Page last updated at 15:04 GMT, Friday, 21 March 2008

France to reduce nuclear warheads

Nicolas Sarkozy in front of the submarine, the Terrible (21 March 2008)
Mr Sarkozy spoke at the launch of France's fourth nuclear submarine

President Nicolas Sarkozy has said France will reduce its number of airborne nuclear weapons by one third.

Mr Sarkozy said the reduction to fewer than 300 missiles would leave France with "half the maximum number of warheads we had during the Cold War".

But he also insisted he was committed to France's nuclear deterrent, saying it was its "life-insurance policy".
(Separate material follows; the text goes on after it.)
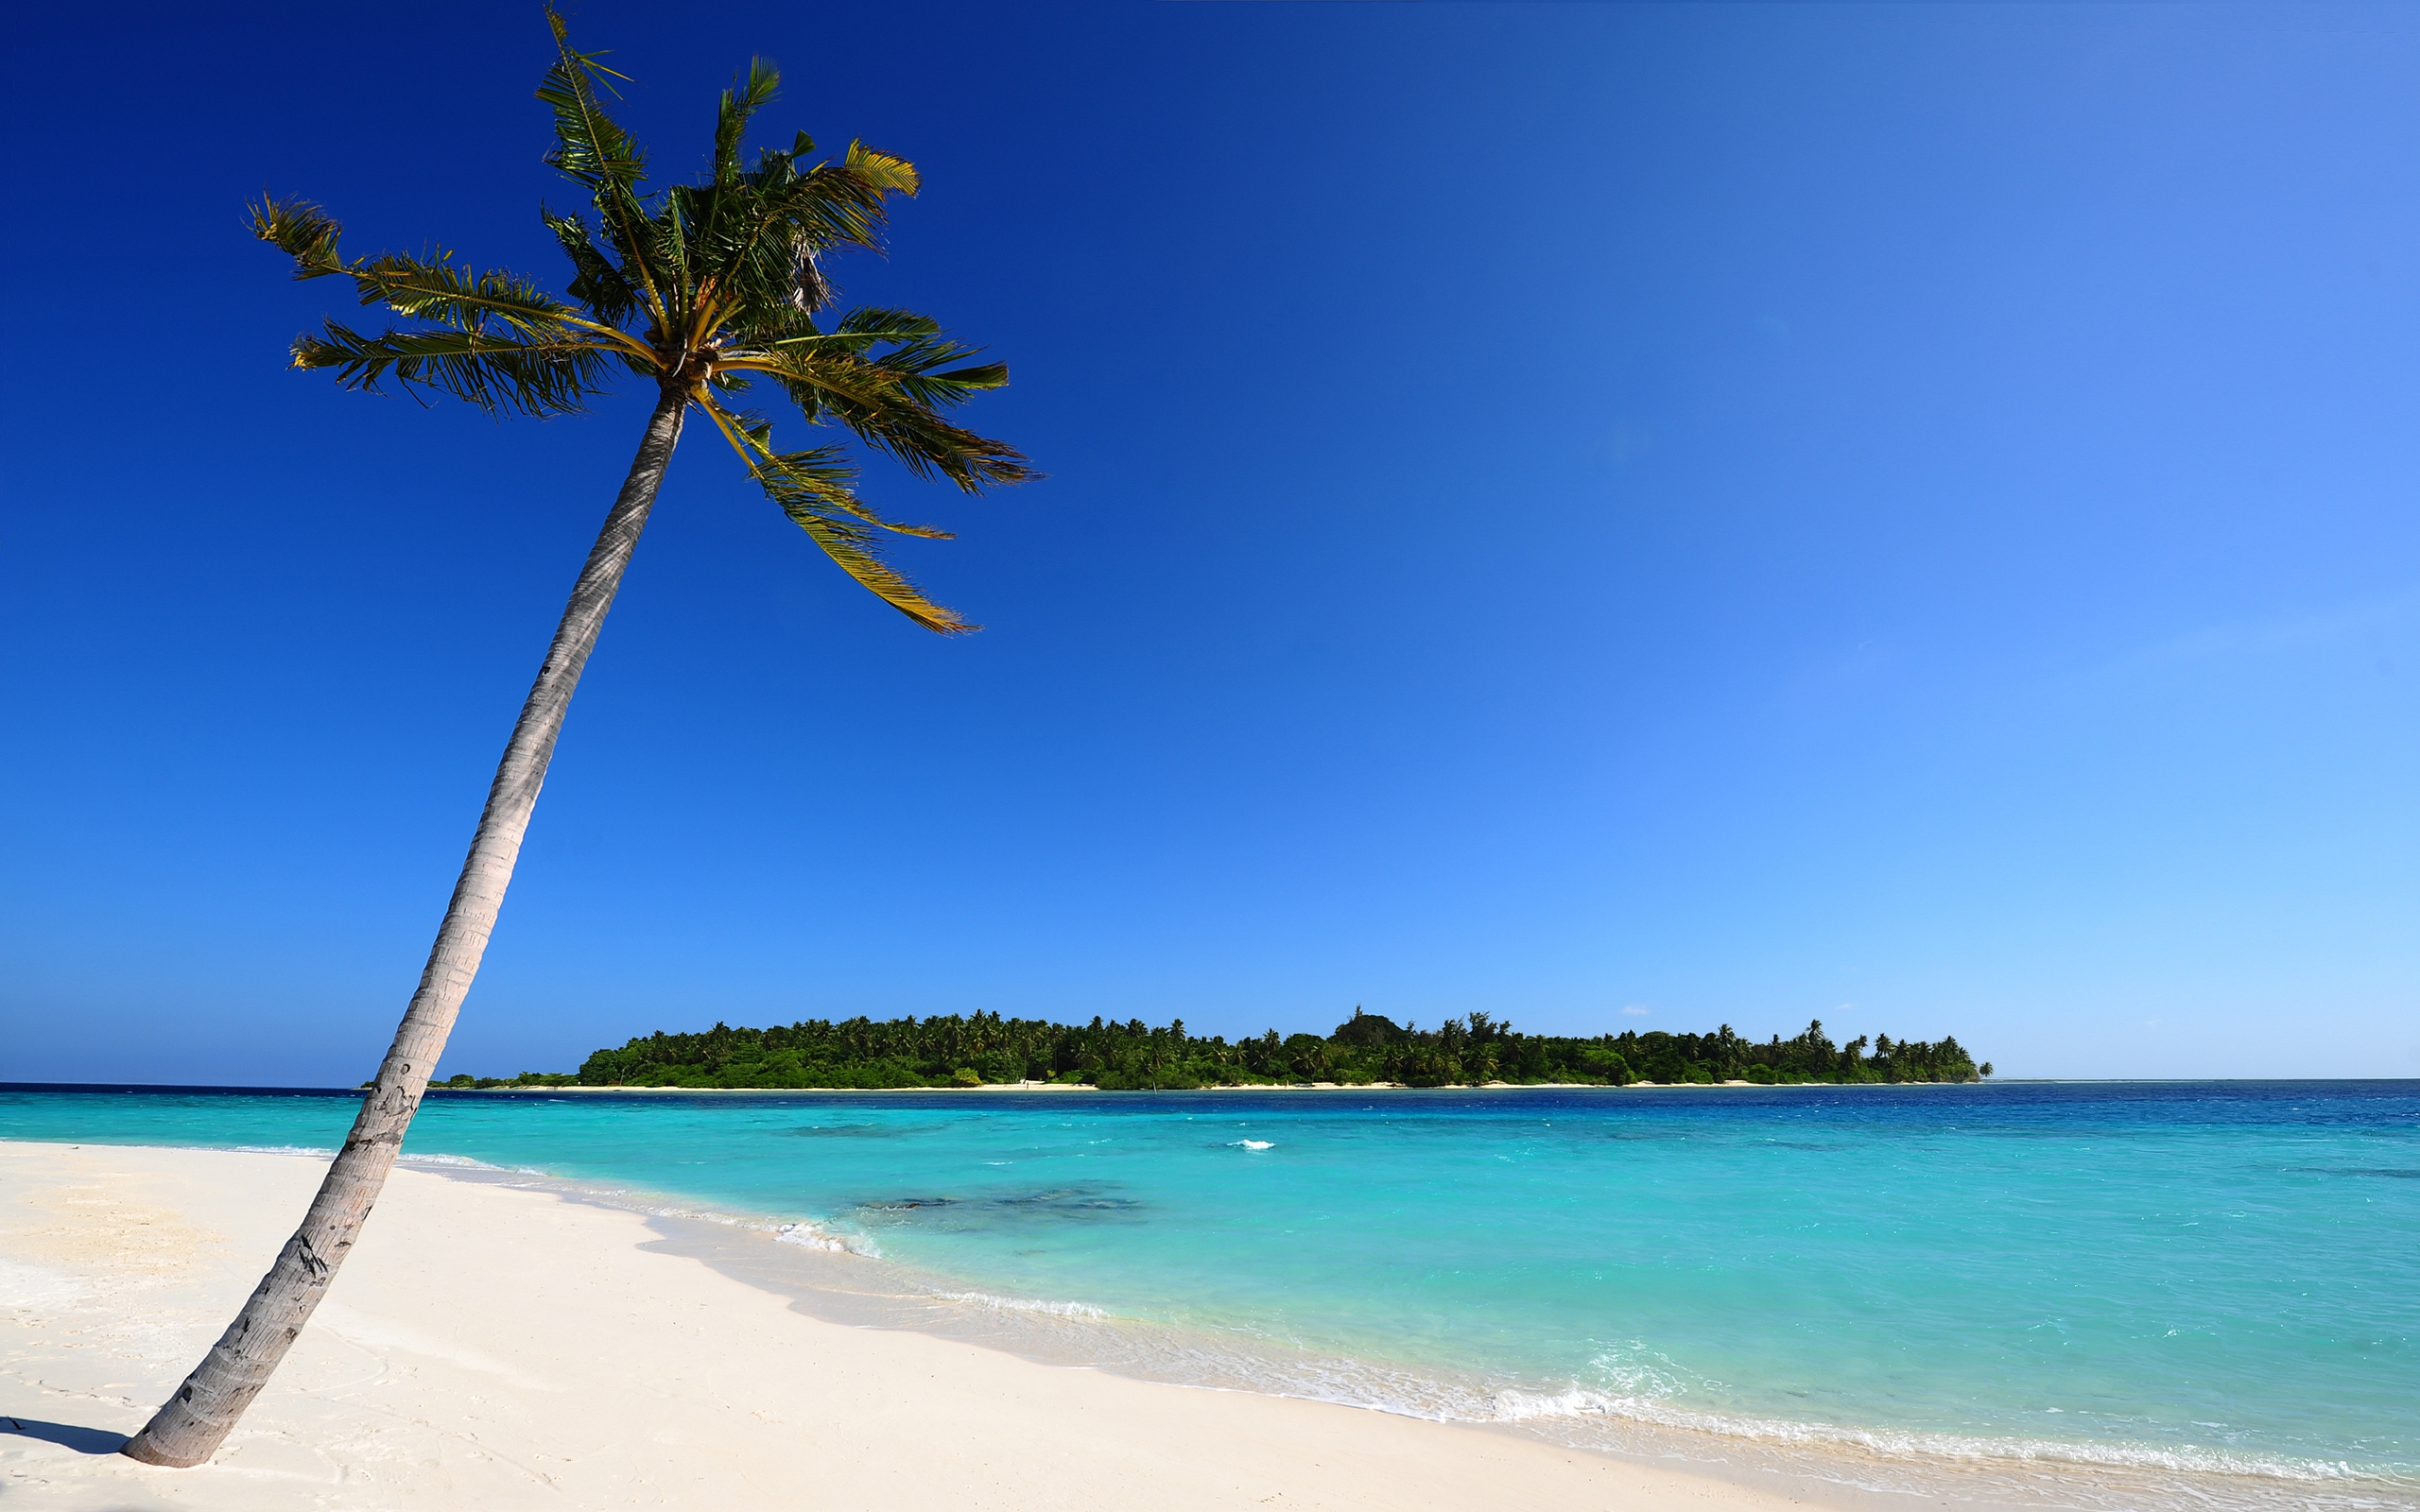 beach backgrounds beach powerpoint templates home network schematic, Modern powerpoint

He made the comments in a major defence policy speech after inaugurating a new nuclear-armed submarine, the Terrible.

France is believed to have 348 deployed nuclear weapons, including 288 submarine-launched ballistic missiles, 50 air-launched cruise missiles and 10 airborne bombs, according to the Federation of American Scientists.

'Life-insurance policy'

In his first major speech on France's nuclear deterrent since being elected president last May, Mr Sarkozy said military spending needed to be re-examined.

The cuts would reduce France's airborne force of nuclear weapons by a third, he said, leaving fewer than 300 warheads, mostly on board submarines.

Test-fire of French M-51 ballistic missile (9 November 2006)
After this reduction, our arsenal will comprise fewer than 300 nuclear warheads, that's half the maximum number of warheads we had during the Cold War
Nicolas Sarkozy
French President

"By giving this information, France is fully transparent since it has no other weapons than those in its operational stocks," he told an audience at the northern port of Cherbourg.

"Moreover, I confirm that none of our weapons are targeted at anybody."

Nevertheless, Mr Sarkozy insisted he remained committed to France's independent nuclear "strike force" and said those who threatened the country's vital interests could expect a "severe riposte".

He said that while France no longer faced a realistic threat of invasion, it now faced new threats from the Middle East and Asia.

"The security of Europe is at stake," he said, singling out Iran's development of ballistic missiles and its controversial nuclear programme.

At the same time, Mr Sarkozy appealed for other nations to scale back their nuclear arsenals and called on China and the US to finally ratify the Comprehensive Nuclear Test-Ban Treaty, which they signed in 1996.

He also called for an international treaty banning short and medium range ground-to-ground missiles and another banning the manufacture of fissile material for nuclear weapons.